I have been posting a lot about early stage group investments as I will be managing the next Seattle Angel Conference fund and am working on putting together some smaller early stage investment funds. Real estate isn’t that much different and the real estate deals I have worked on have been a lot of fun, both my own and the ones I have worked on in a group. In fact I am working on moving around some of my real estate assets as I write this. If you are going to consider a real estate investment with other people though, here are a few things to think about.
If you have a few friends/family who are going to get together and all perform due diligence on the property, manage the entity that owns the property, and put in equal capital contributions you can set up a simple LLC that is in the business of Real Estate. You should seriously consider having a lawyer represent each of the parties so that everyone is comfortable with the LLC.
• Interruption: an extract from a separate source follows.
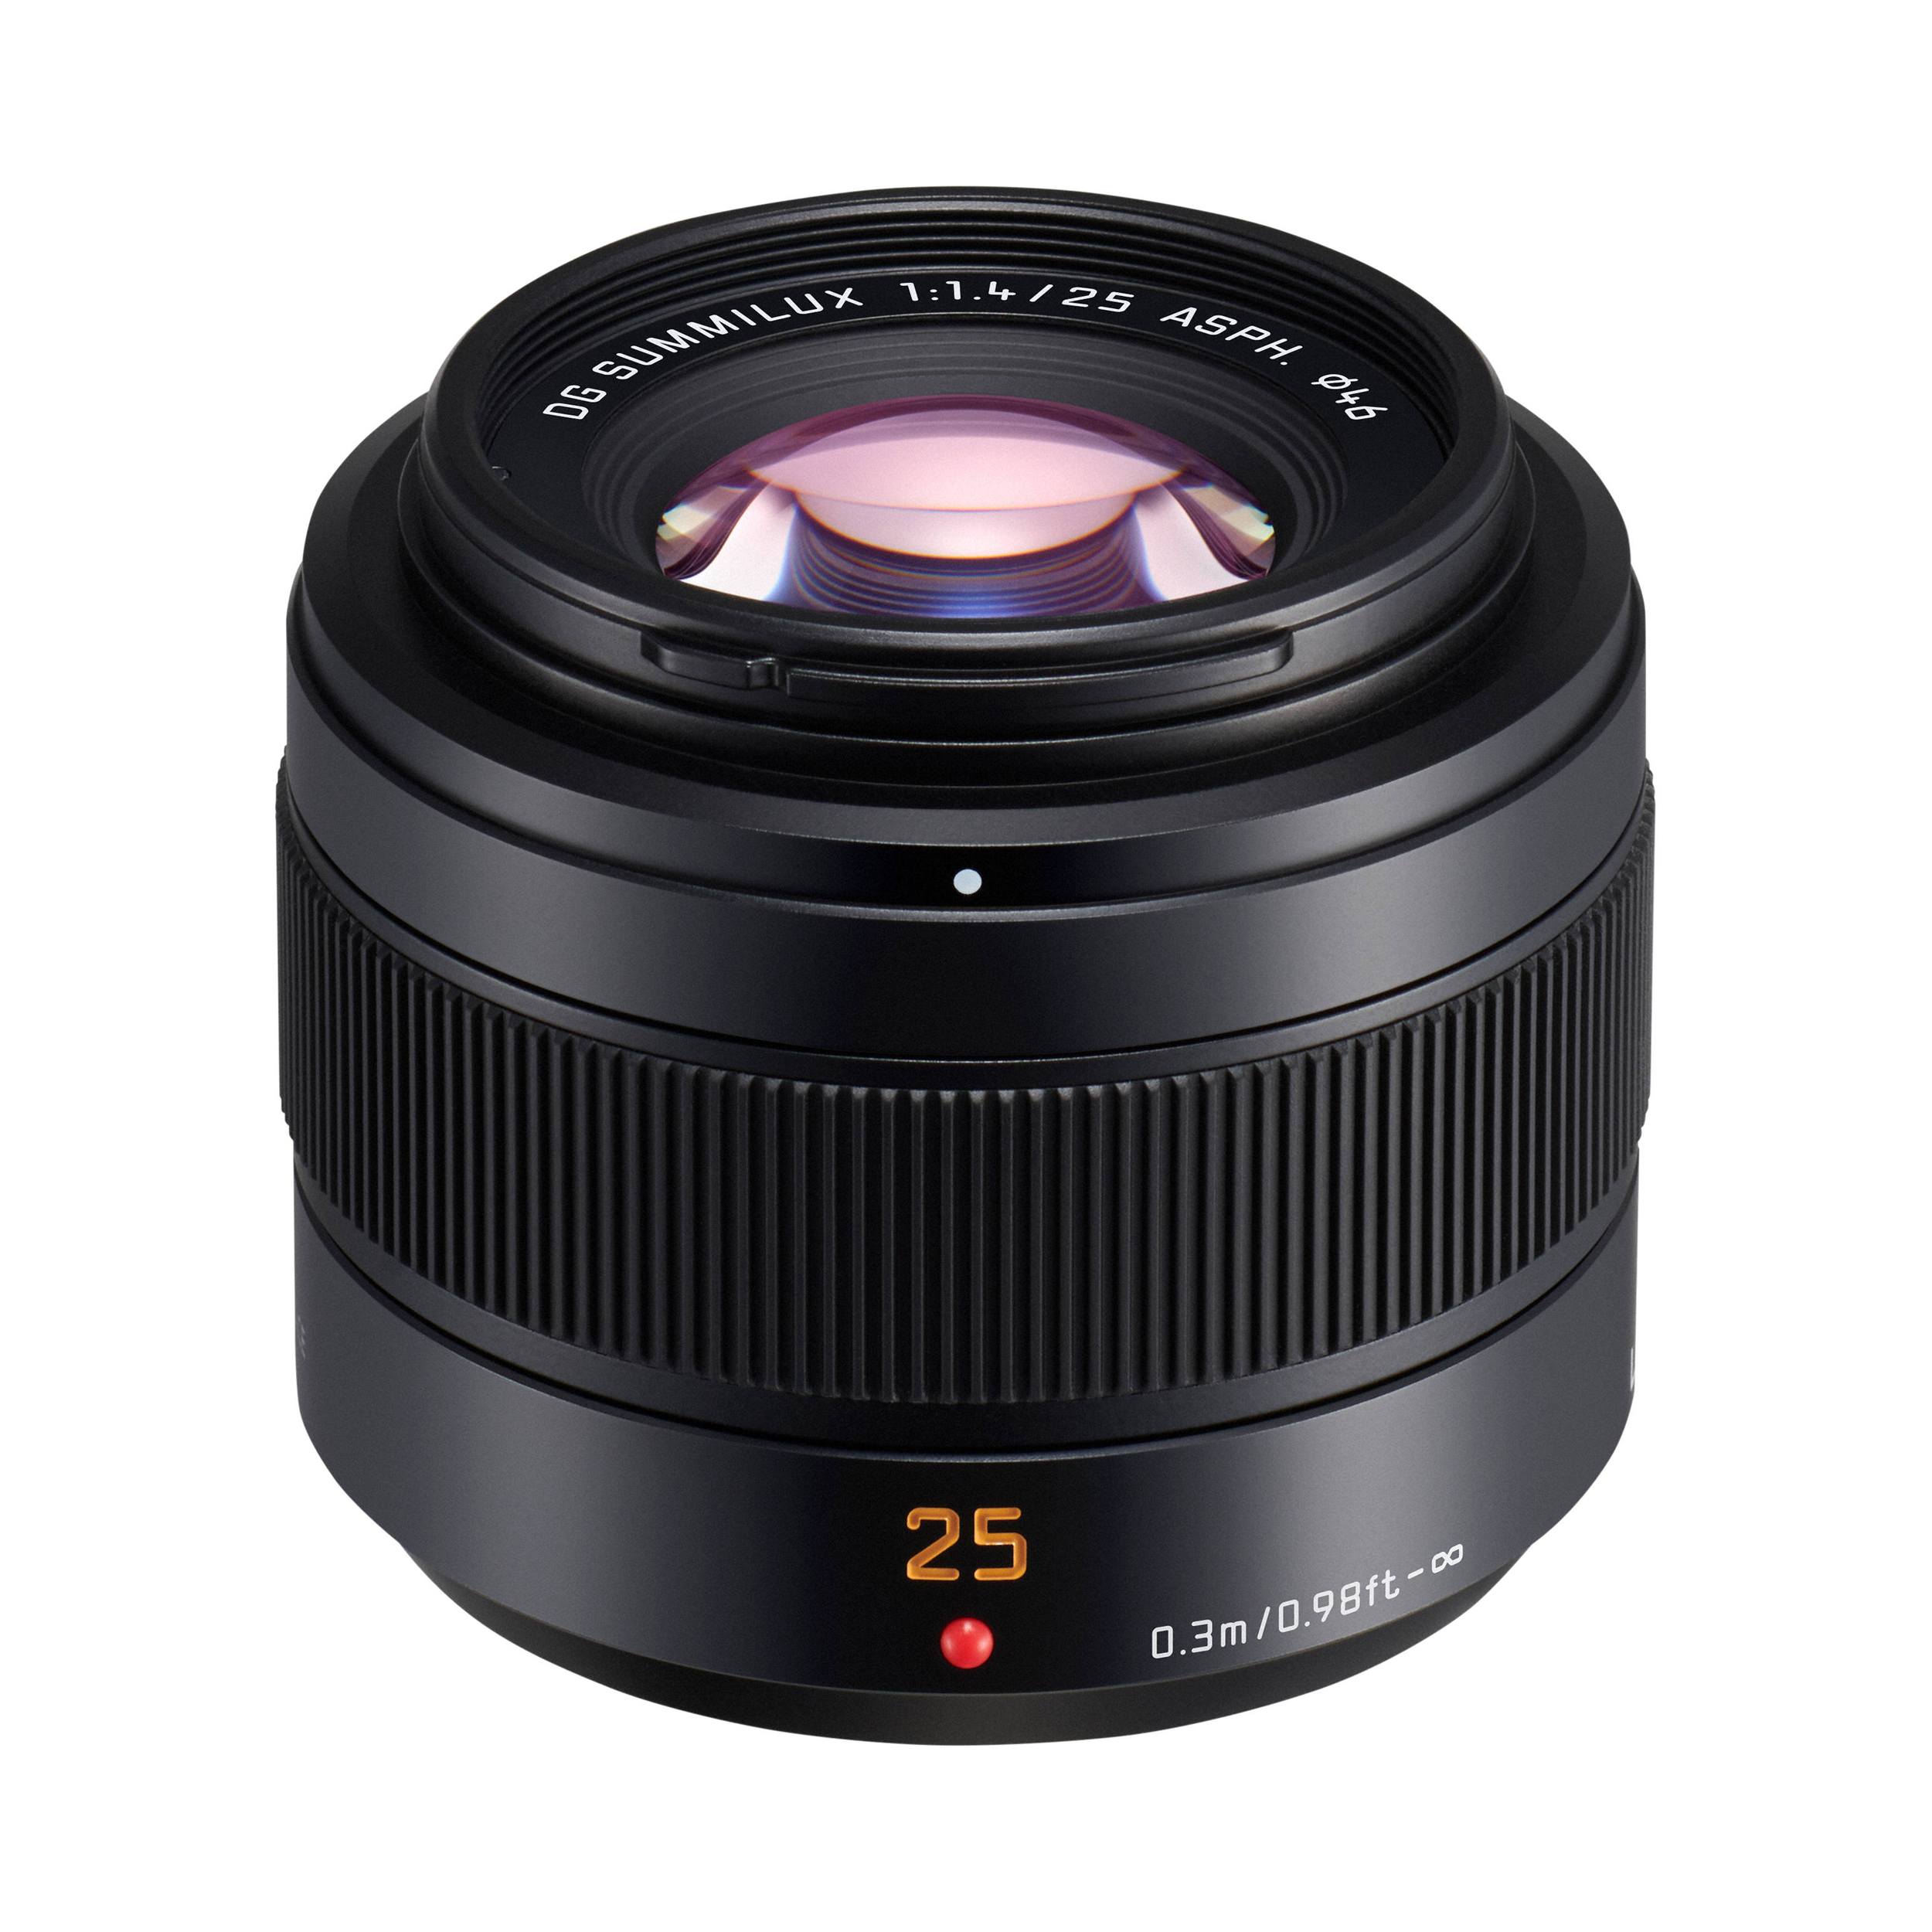 Panasonic Leica DG Summilux 25mm f/1.4 II ASPH. Lens HXA025

On the other hand, if you have one or two people in the group that are going to do all of the due diligence and do most of the entity management or put in most of the money, you will have created a security by offering participation to having passive investors in the entity. If the group of people you have pulled together fall into this category you should use a securities lawyer to create your LLC and properly register it.
The first option is straight forward and easy to get started, the cost is low and the emphasis is really on getting a great contract between the parties. You don’t want to be stuck in ten years without a clear method of resolving conflicts. Nor do you want to be in a position where your interests are not protected and you lose out on a big move in the real estate market. This model is closer to the early stage investment funds I am working on, group due diligence, group voting, with a manager that has minimal influence yet is compensated well for managing the investment.
The second option is more costly and is closer to a venture capital or hedge fund where there are many limited partners and the general partner makes all of the decisions with the limited partners having quarterly or yearly insight into the investment progress. The manager has a lot of influence over the investment and is compensated for their ability to pick and manage great investments.
There are other considerations that may change the general thought process above such as where the capital is coming from, experience level, accreditation, etc. The entry/exit and future purchases are a much trickier subject. There are a lot of different ways to do this and it depends on a lot of different variables. You can price the units & re-value the units, you can have a formal buy-back plan, you can have an ad-hoc buy-back plan, etc.
If you are looking to get started investing in either real estate or early stage companies, you should really think through how much time you want to spend on the investment. There are many options to invest more passively (limited partner) and still put together a great portfolio – you don’t have to be a landlord to get 15-30% IRR on real estate investments. There are also many options to be active even when investing a small amount (5-25k) – these are emerging though so caution is warranted. You should truly know your co-investors and ensure you have the time to be active.